SELECT SUM(home) AS home, SUM(away) AS away, COUNT(*) AS c FROM round
The reality of the situation is that if you fetch all rows and expect to be able to iterate over all of them in PHP, at once, they will exist in memory.
If you really don't think using SQL powered expressions and aggregation is the solution you could consider limiting/chunking your data processing. Instead of fetching all rows at once do something like:
1) Fetch 5,000 rows
2) Aggregate/Calculate intermediary results
3) unset variables to free memory
4) Back to step 1 (fetch next set of rows)
Just an idea...
I haven't done this before in PHP, but you may consider fetching the rows using a scrollable cursor - see the fetch documentation for an example.
Instead of returning all the results of your query at once back to your PHP script, it holds the results on the server side and you use a cursor to iterate through them getting one at a time.

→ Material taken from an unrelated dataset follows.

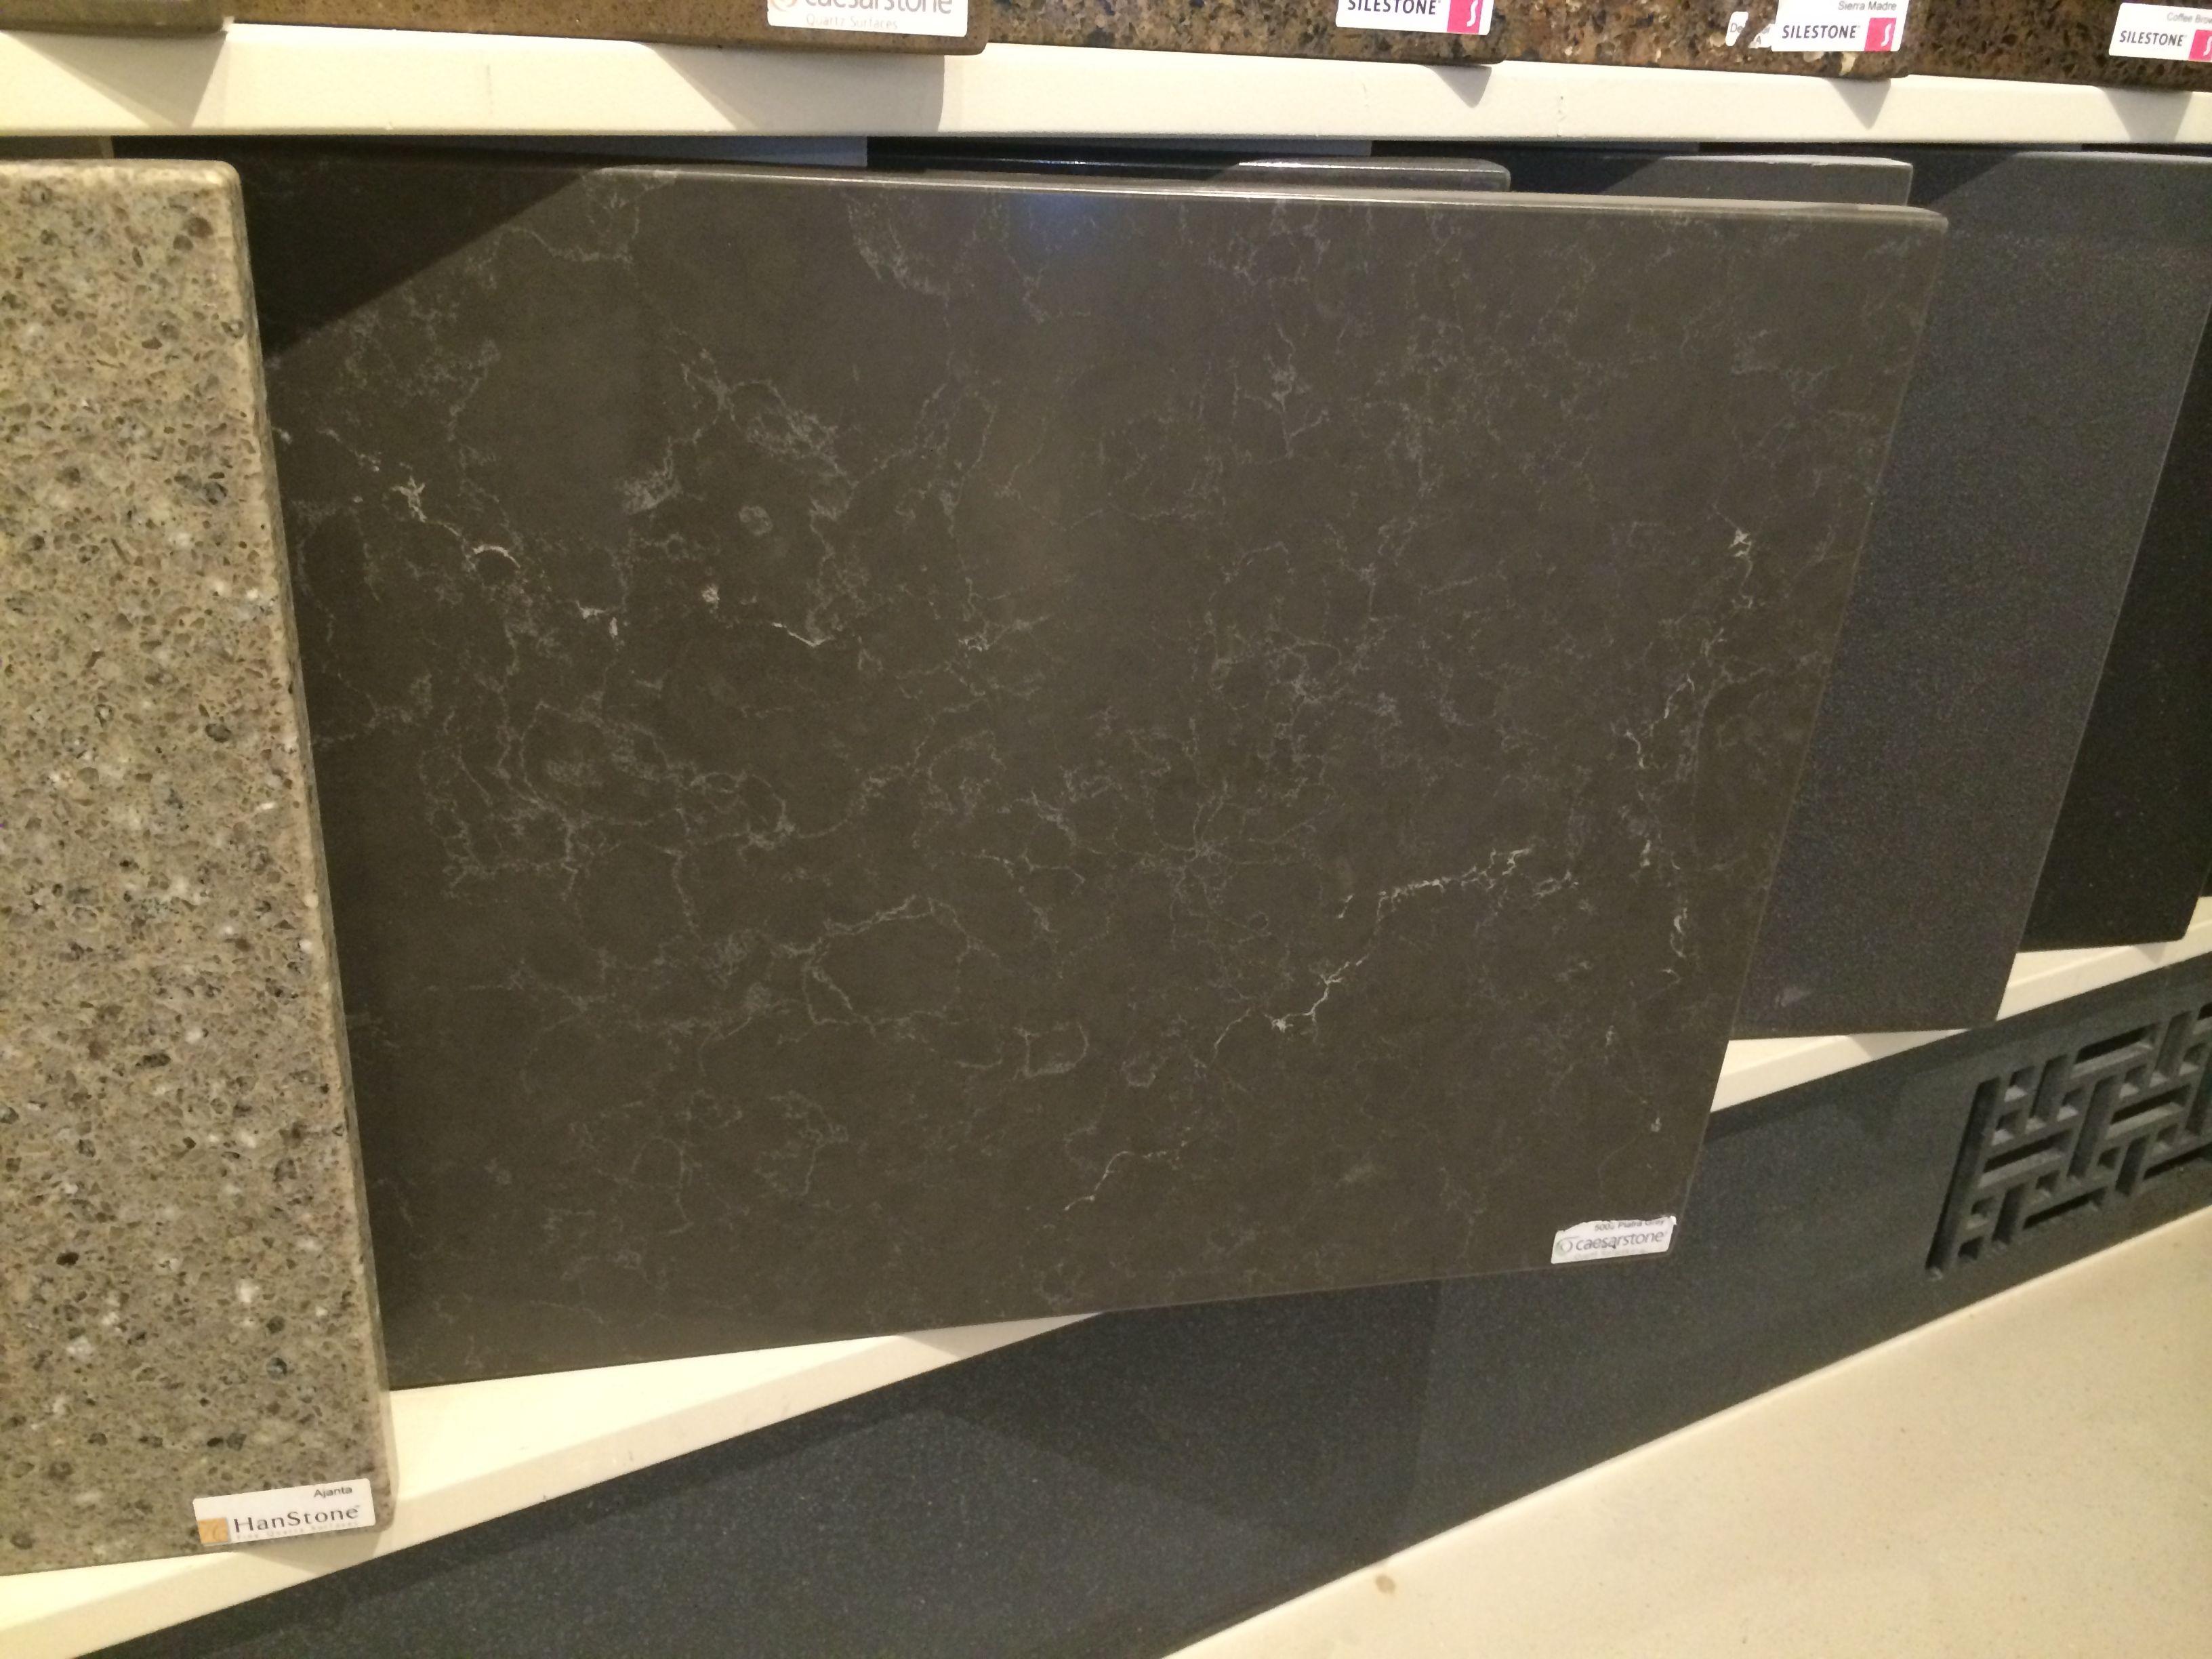 kashmir from to granite varies pin slab countertops sparkle countertop white quartz

Whilst I have not tested this, it is bound to have other drawbacks such as utilising more server resources and most likely reduced performance due to additional communication with the server.
Altering the fetch style may also have an impact as by default the documentation indicates it will store both an associative array and well as a numerical indexed array which is bound to increase memory usage.
As others have suggested, reducing the number of results in the first place is most likely a better option if possible.